WORK TASK
Begin at the line containing "03/06/90Noah's Red Apple" and copy exactly through the last line of the listing, skipping every picture.

DATA
________________

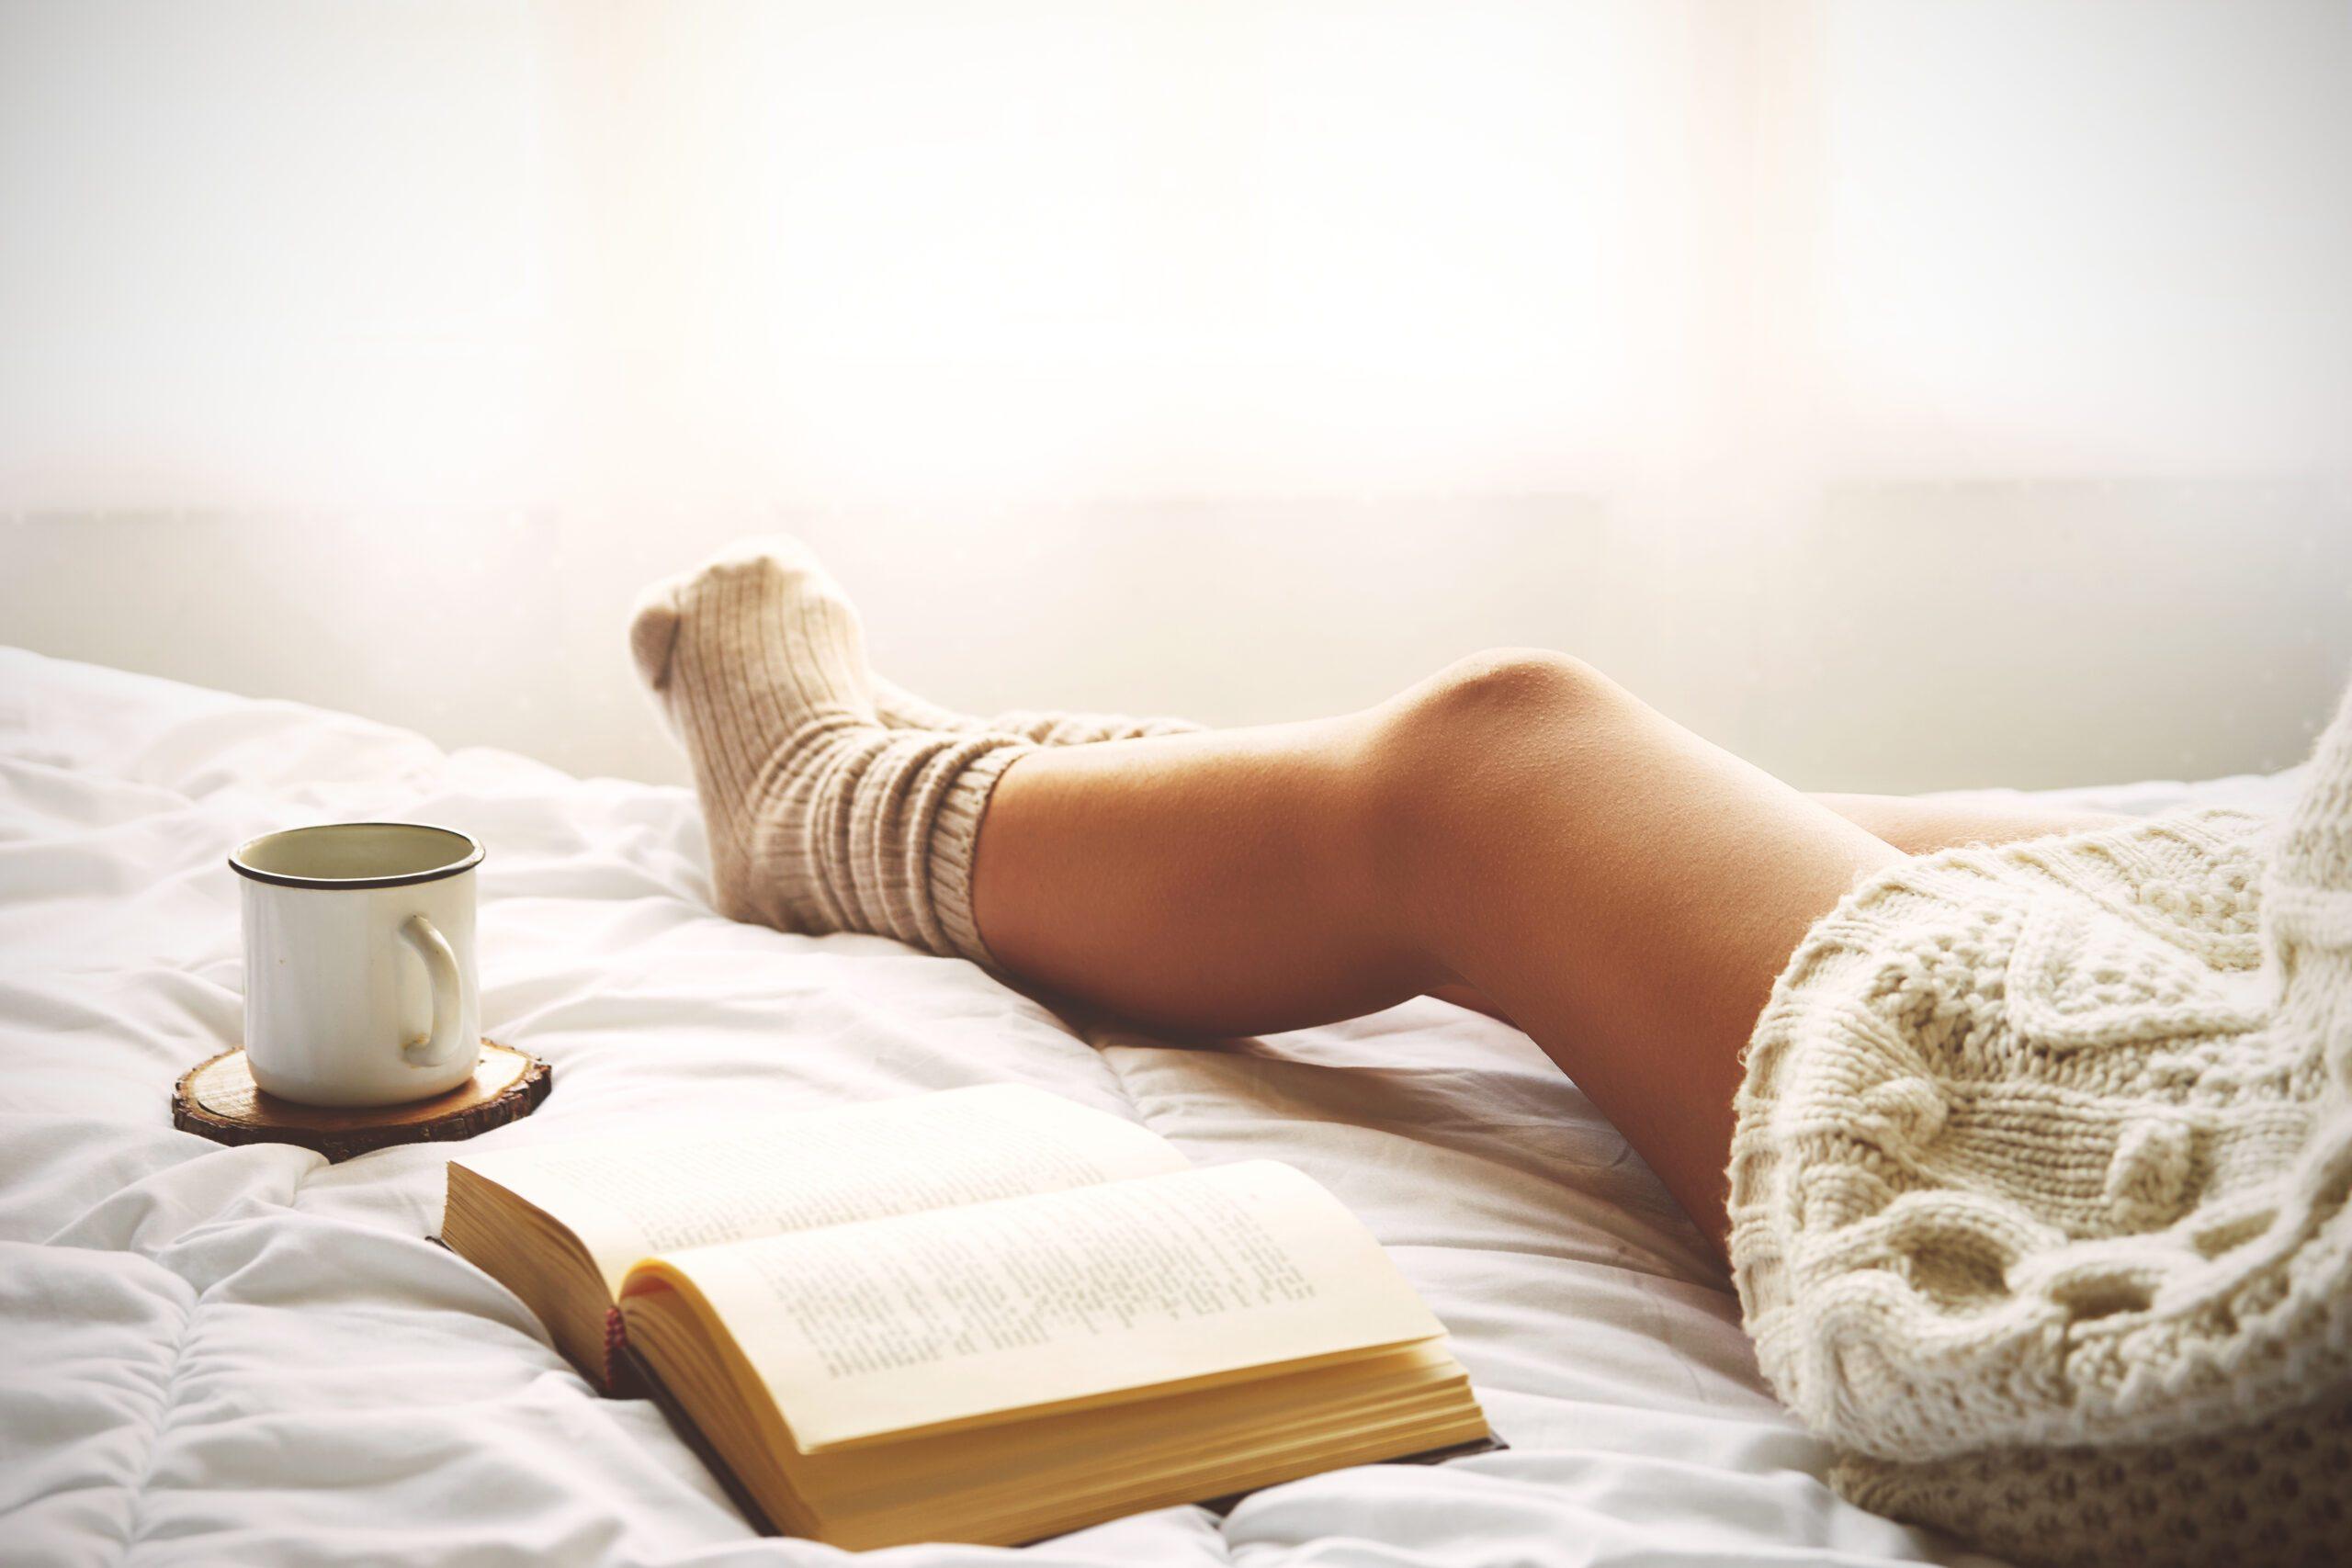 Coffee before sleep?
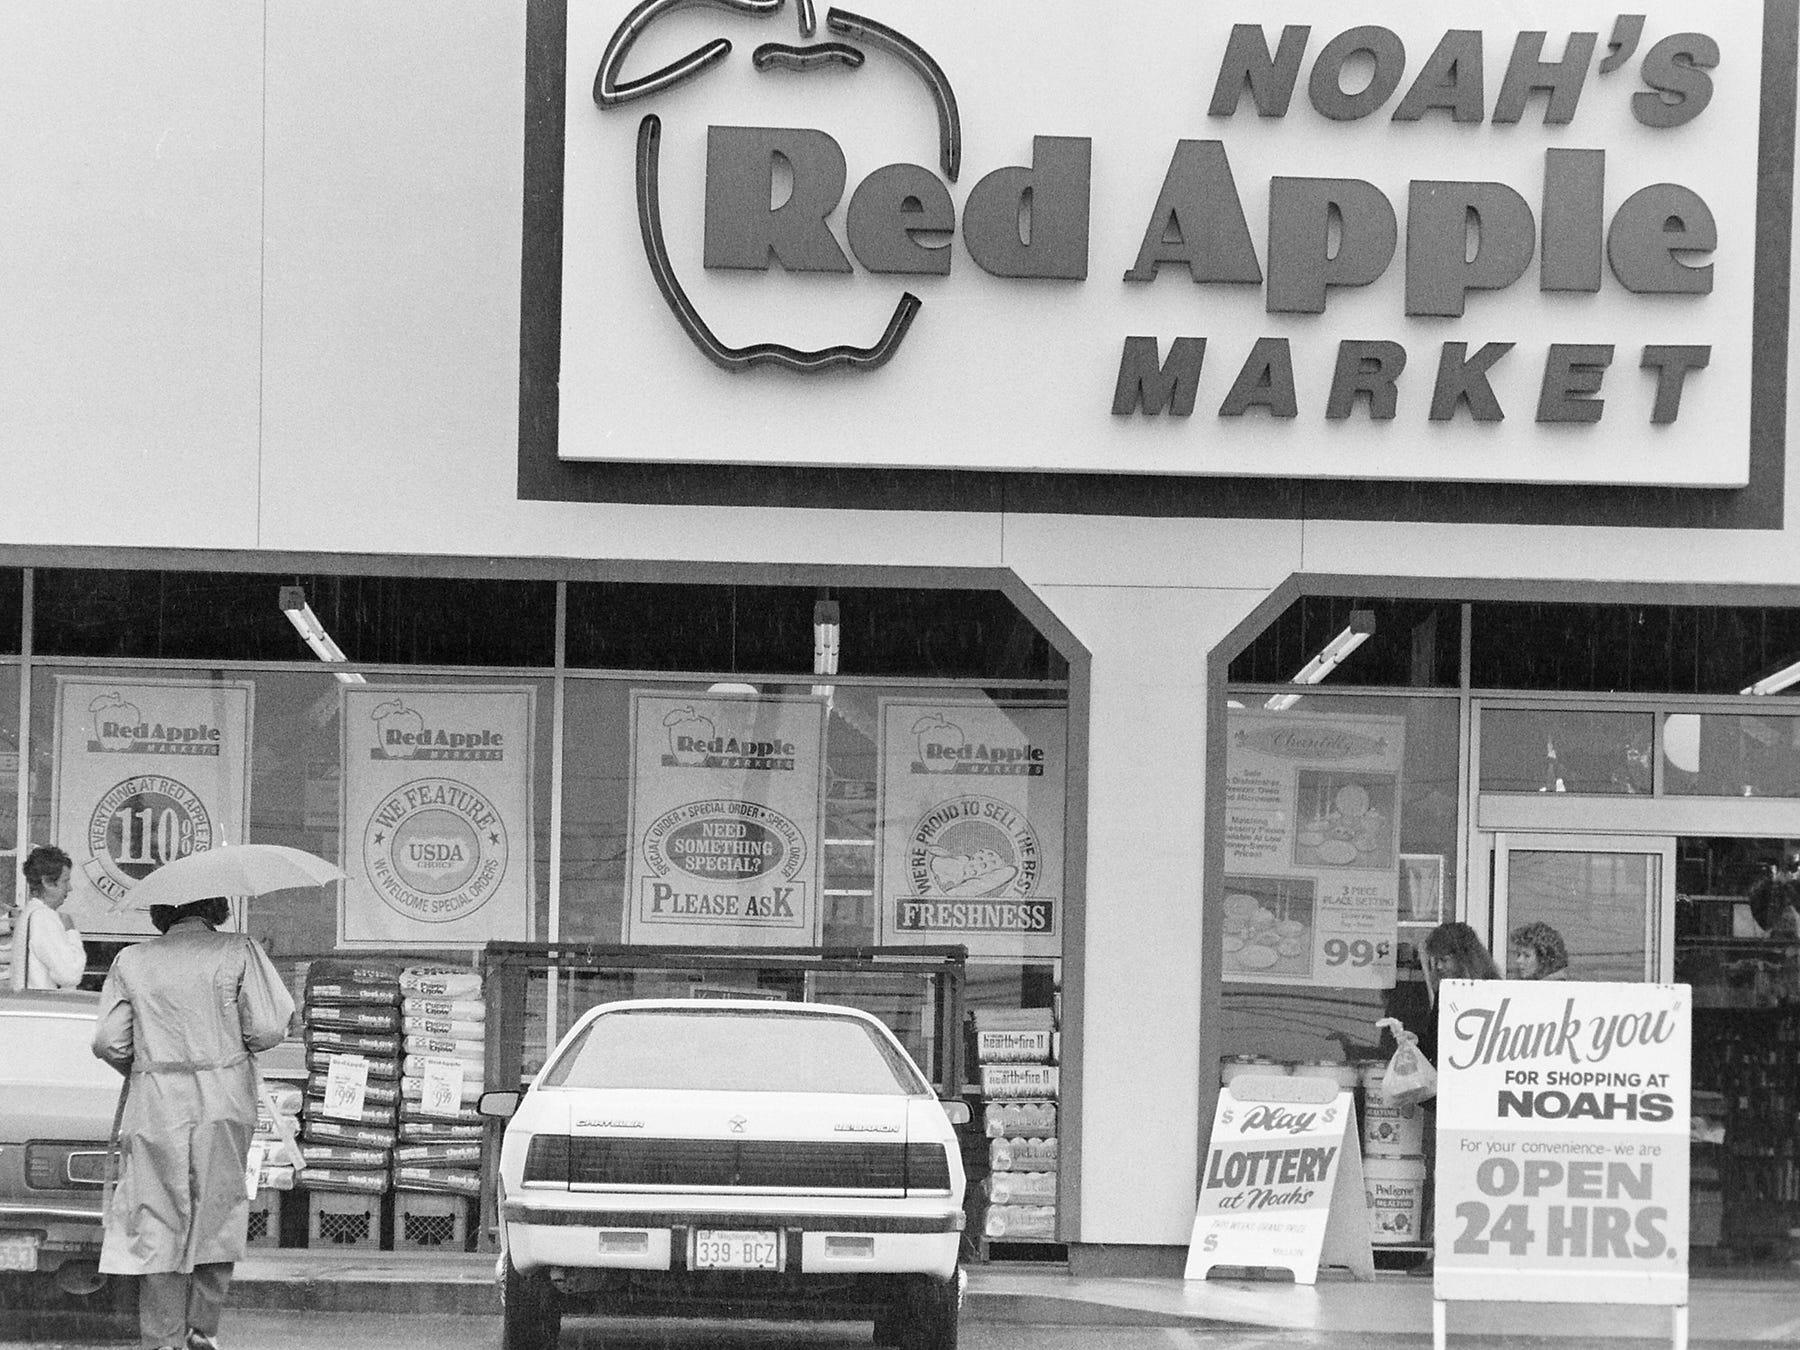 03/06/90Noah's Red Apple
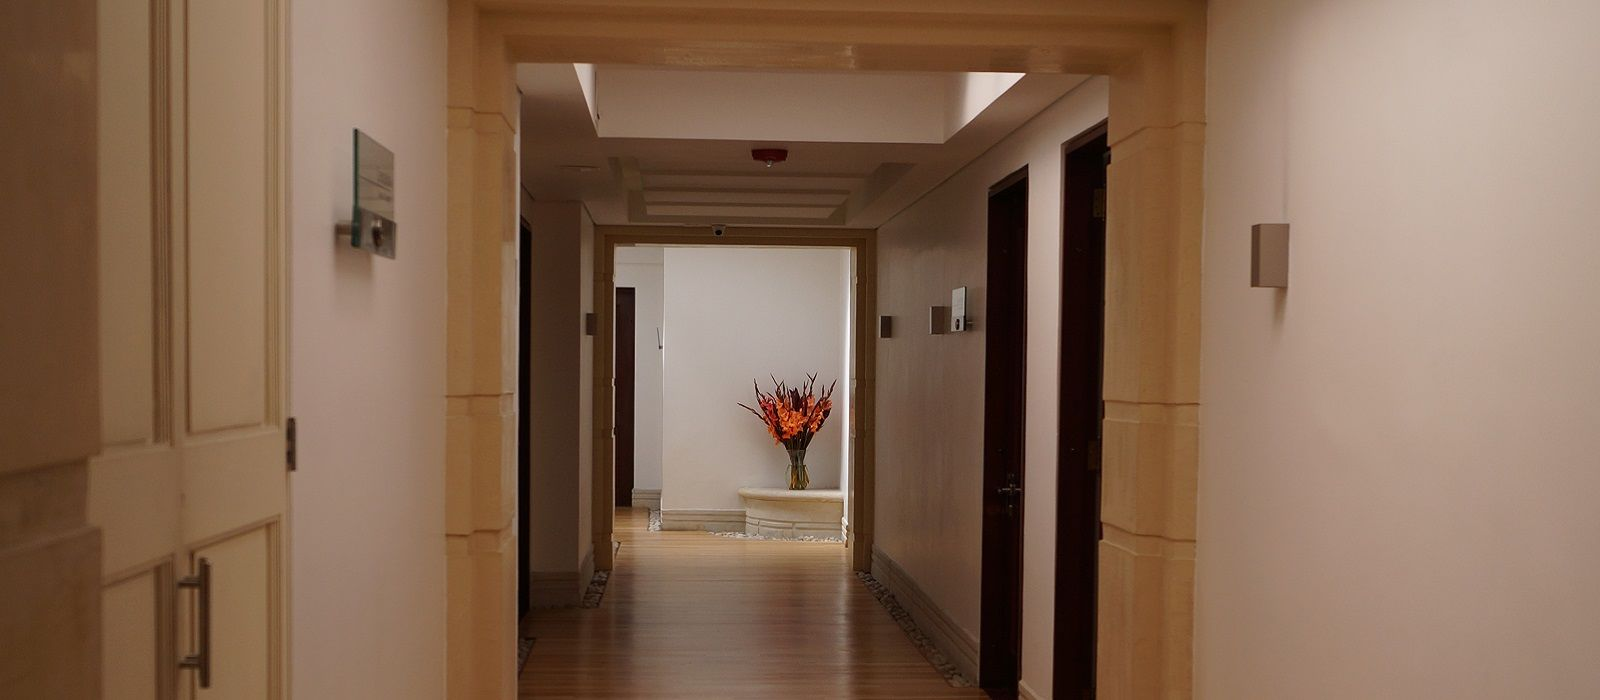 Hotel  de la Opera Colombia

________________

RESULT OF THE TASK
 03/06/90Noah's Red Apple
 Hotel  de la Opera Colombia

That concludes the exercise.